As Fed meets, Wells Fargo predicts ten-year returns could reach 2.25%

Do not rule out a 10-year treasury yield of about 2.25% this year.

This is the message from Michael Schumacher, Wells Fargo Securities, ahead of the Federal Reserve’s interest rate decision on Wednesday.

“The fiscal stimulus is enormous, and vaccine deployment seems to be accelerating quite a bit – not just here in the US,” the firm’s macro strategy told CNBC’s Trading Nation on Tuesday. “A lot of things come together to boost returns.”

Still, Schumacher said his firm doubt Jerome Powell, the chairman of the Fed, would show immediate concern.

“He was pretty scary about the whole increase in returns. We think he will maintain that attitude tomorrow,” he said. “What we see at Wells Fargo is that he will not really try to slow it down.”

Instead, Schumacher said he expects Powell to link rising yields to a vote of confidence in the economic recovery, indicating that it is a catch-up movement for low inflation for such a long time.

“The world has never seen a coordinated reopening like this. Not even after World War II,” Schumacher said. He said he thought Powell would be willing to let inflation run above its 2% target for a while.

In December on “Trading Nation”, Schumacher predicted that Covid-19 vaccines would dramatically increase confidence and increase Treasury returns in 2021. So far this year, the standard yield for ten years is 77% higher.
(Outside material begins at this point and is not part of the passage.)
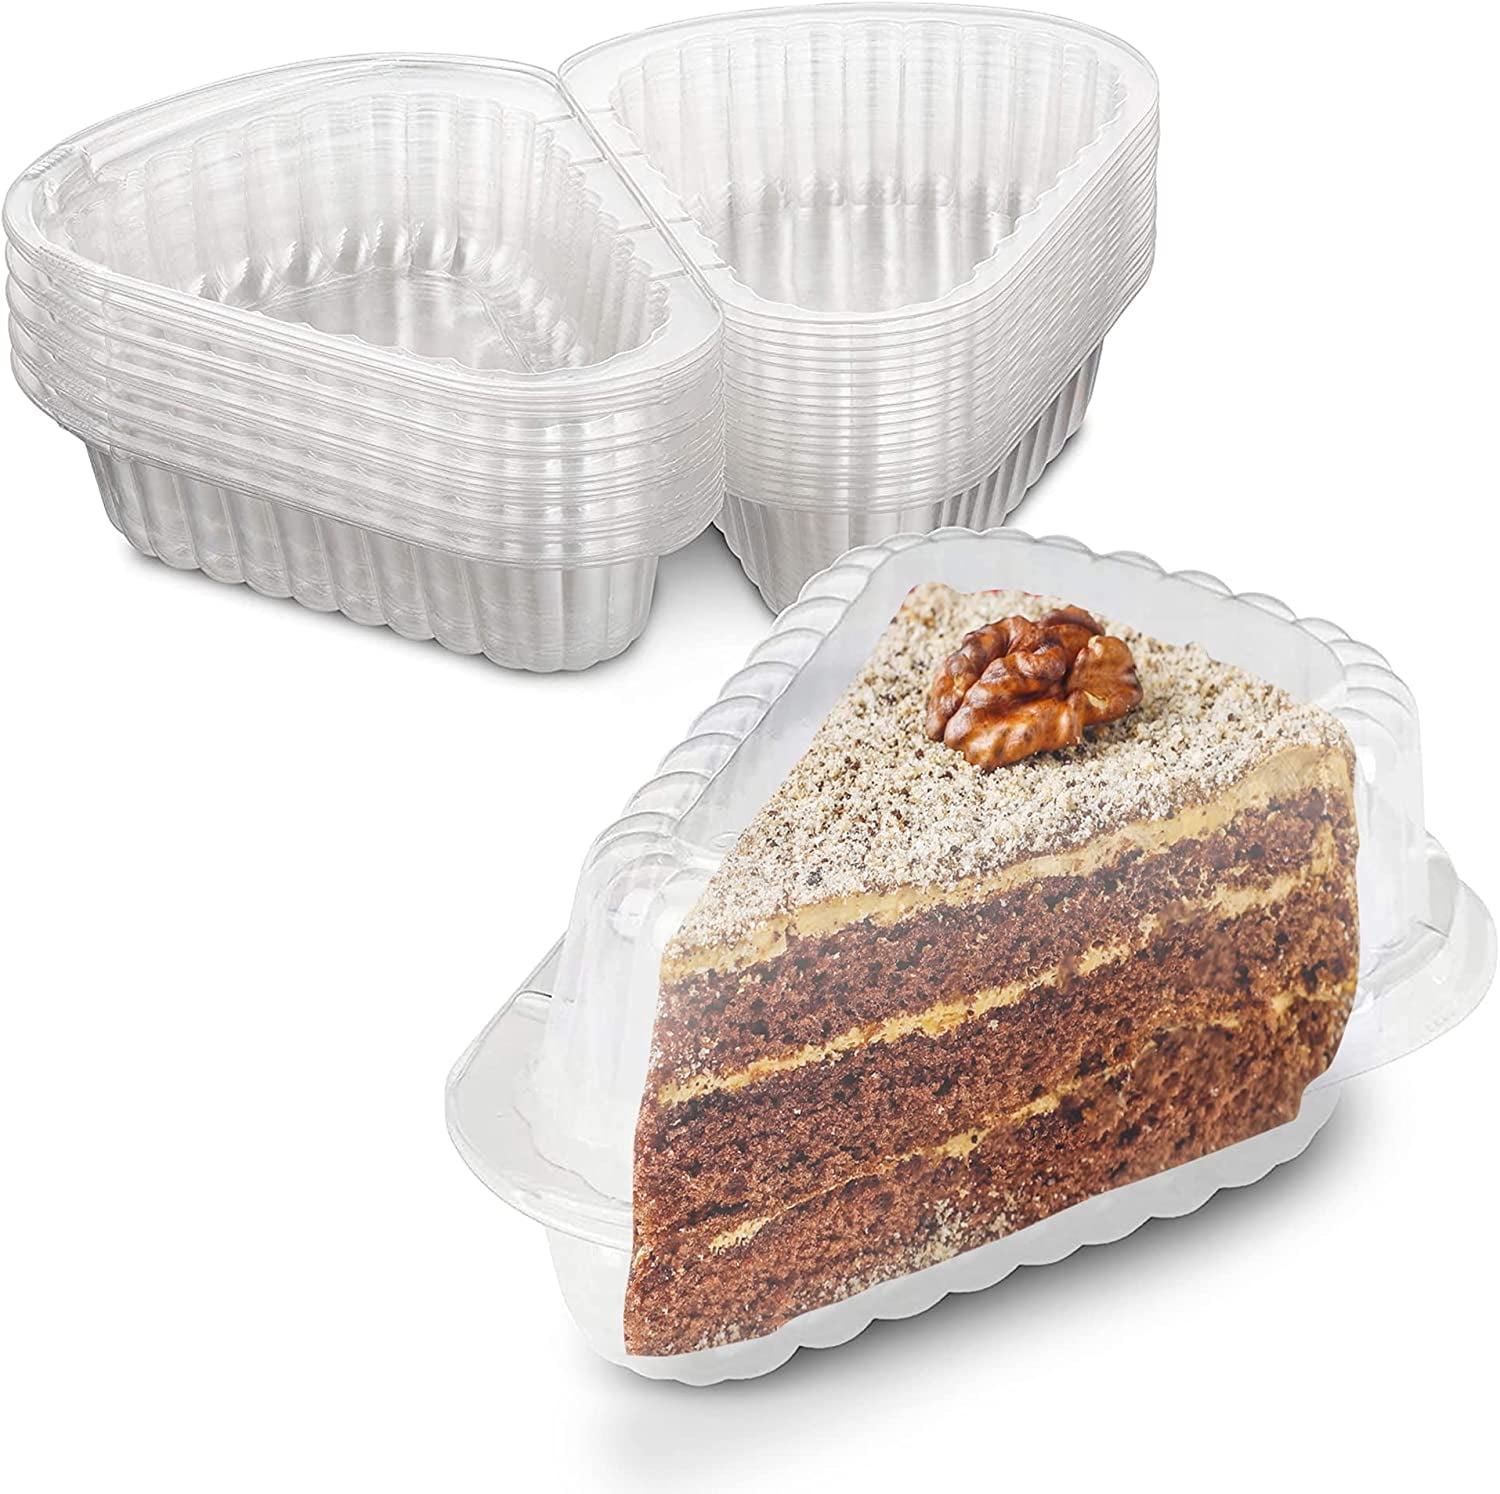  10-11 Plastic Disposable Cake Containers Carriers with Dome  Lids and Cake Boards, 3 Round Cake Carriers for Transport, Clear Bundt  Cake Boxes/Cover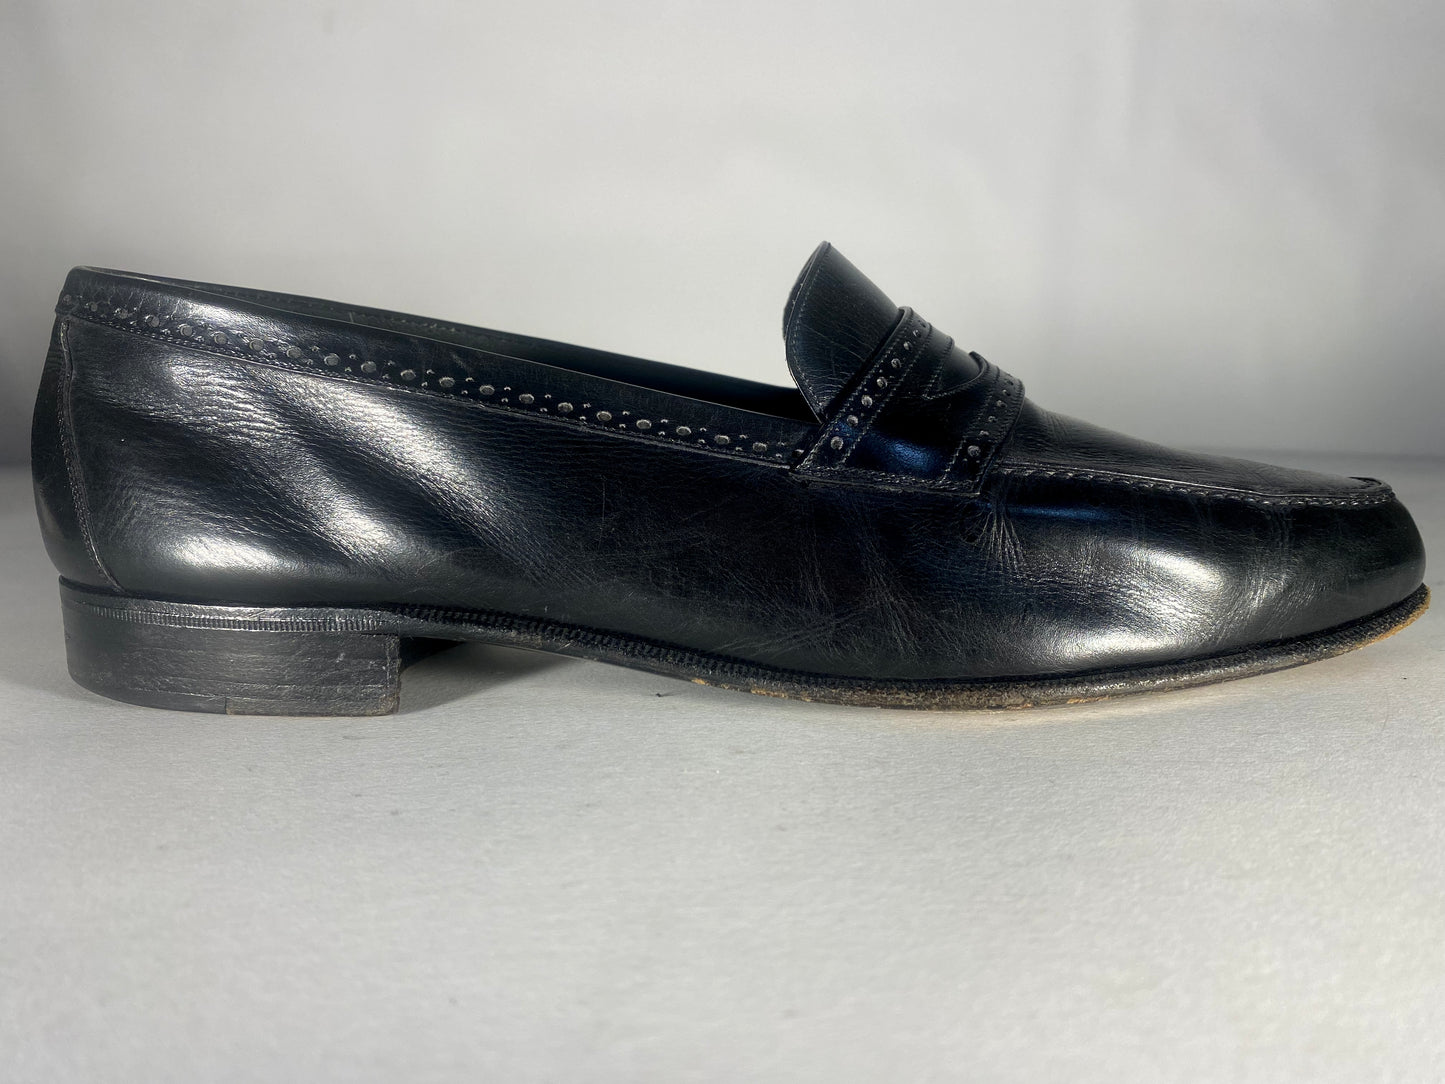 Ferragamo Penny Loafers Loafers, Size 7

It closed at 1.62% on Tuesday.

“Yields started this year – if you focus on the 10-year treasury – just north of 90 basis points. It has risen by about 70 basis points this year,” he noted. “So, I would say 1.75% to 2%, can happen fast.”

According to Schumacher, the return could be more than 3% by next year. The level could encourage the Fed to raise rates sooner than Wall Street expects: 2022 instead of 2023, he said.

“The biggest risk … is that people underestimate the amount the economy is going backwards,” Schumacher said. “Maybe we’re all actually a little too conservative.”